Summary: Mastering Binary Search Implementation

You now have complete implementations of binary search in both iterative and recursive forms. The key to bug-free implementations is understanding the invariants and being precise with boundary conditions.

Let's consolidate the essential points:

Key Takeaways

•The Iterative Version — Uses O(1) space, avoids stack overflow, and is the preferred implementation for most production use cases.
•The Recursive Version — Mirrors the mathematical definition, useful in functional contexts, but uses O(log n) stack space.
•Loop Invariant — 'If the target exists, it's in [left, right]'. Understanding this invariant is key to correct implementations.
•Critical Details — Use left <= right, update with mid ± 1, and calculate midpoint safely to avoid infinite loops and overflow.
•Common Bugs — Most bugs come from wrong loop conditions, wrong pointer updates, or mismatched comparisons.

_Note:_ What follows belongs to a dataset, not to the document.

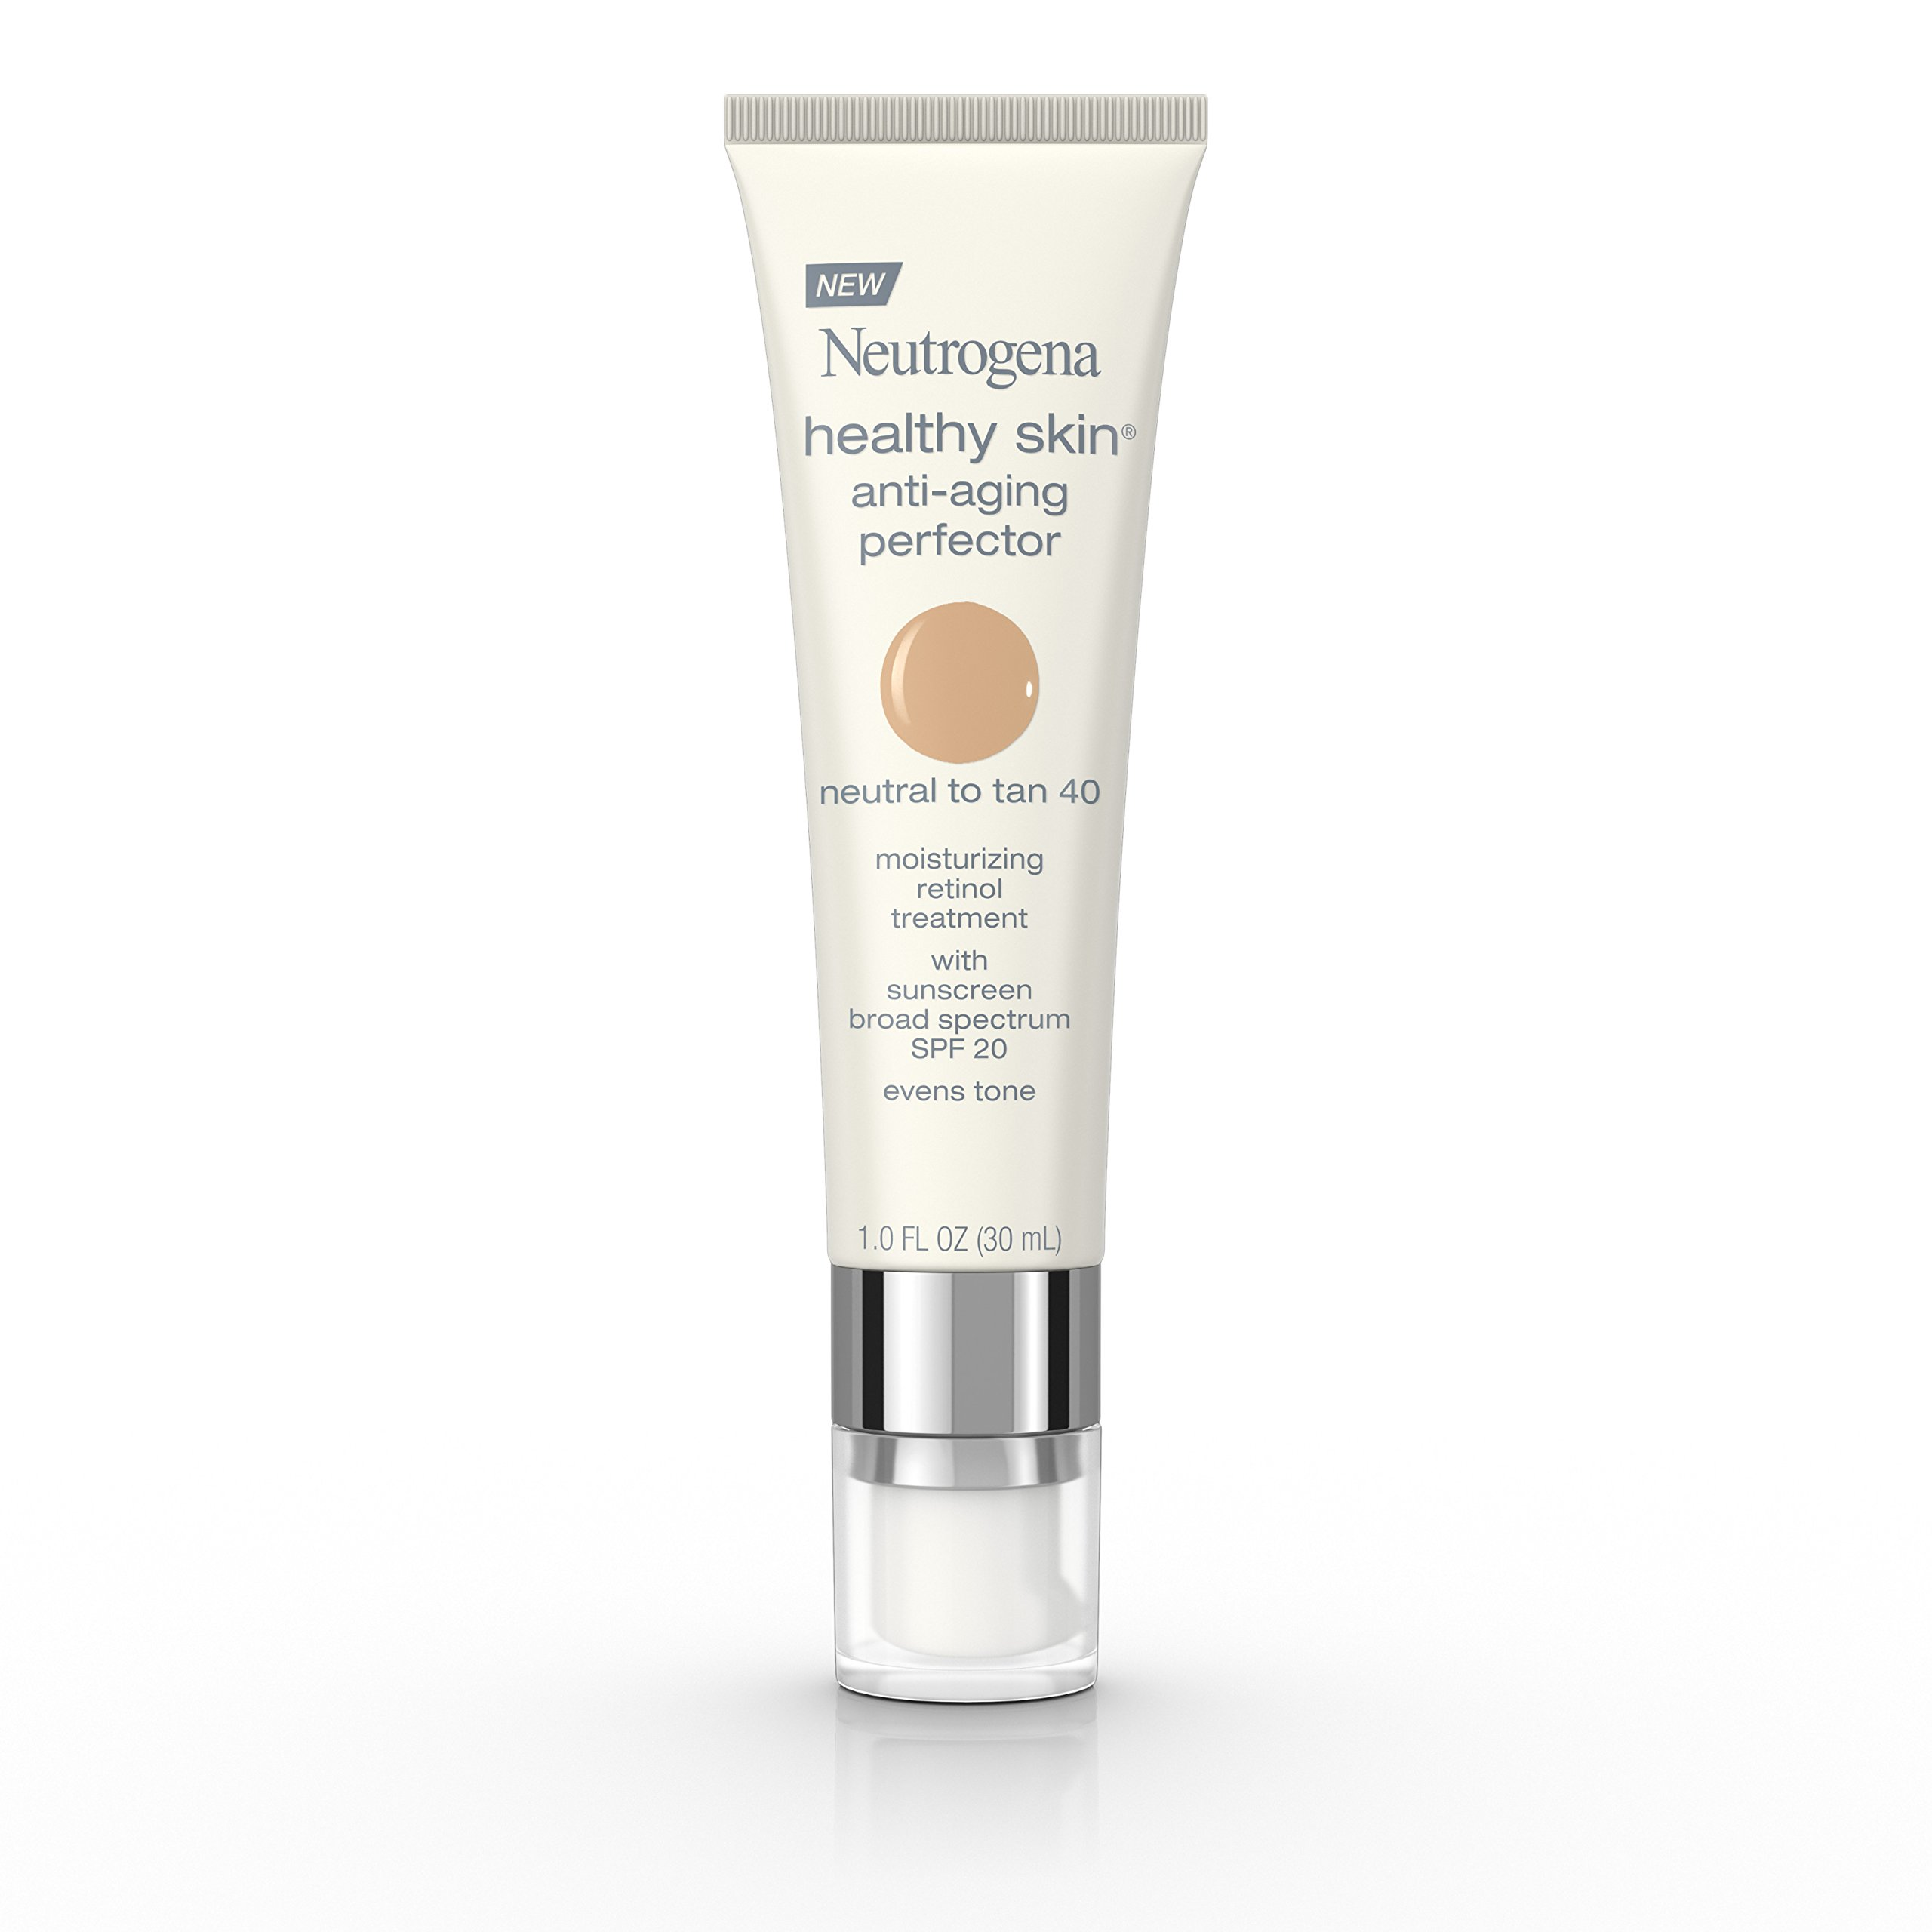 Neutrogena Healthy Skin Anti-Aging Perfector Spf 20, Retinol Treatment, 40 Neutral To

Test edge cases rigorously.
•Generic Implementation — Custom key and comparator functions allow searching any sorted sequence of complex objects.

What's Next:

With core implementations mastered, the final page explores binary search's time complexity in depth. We'll prove the O(log n) bound, compare it with linear search across different scales, and understand why this efficiency makes binary search indispensable.

Page Complete

You can now implement binary search correctly in both iterative and recursive forms. You understand the critical implementation details that separate working code from subtle bugs. With these skills, you're ready to explore the algorithm's complexity analysis and truly appreciate why binary search is one of the most important algorithms in computer science.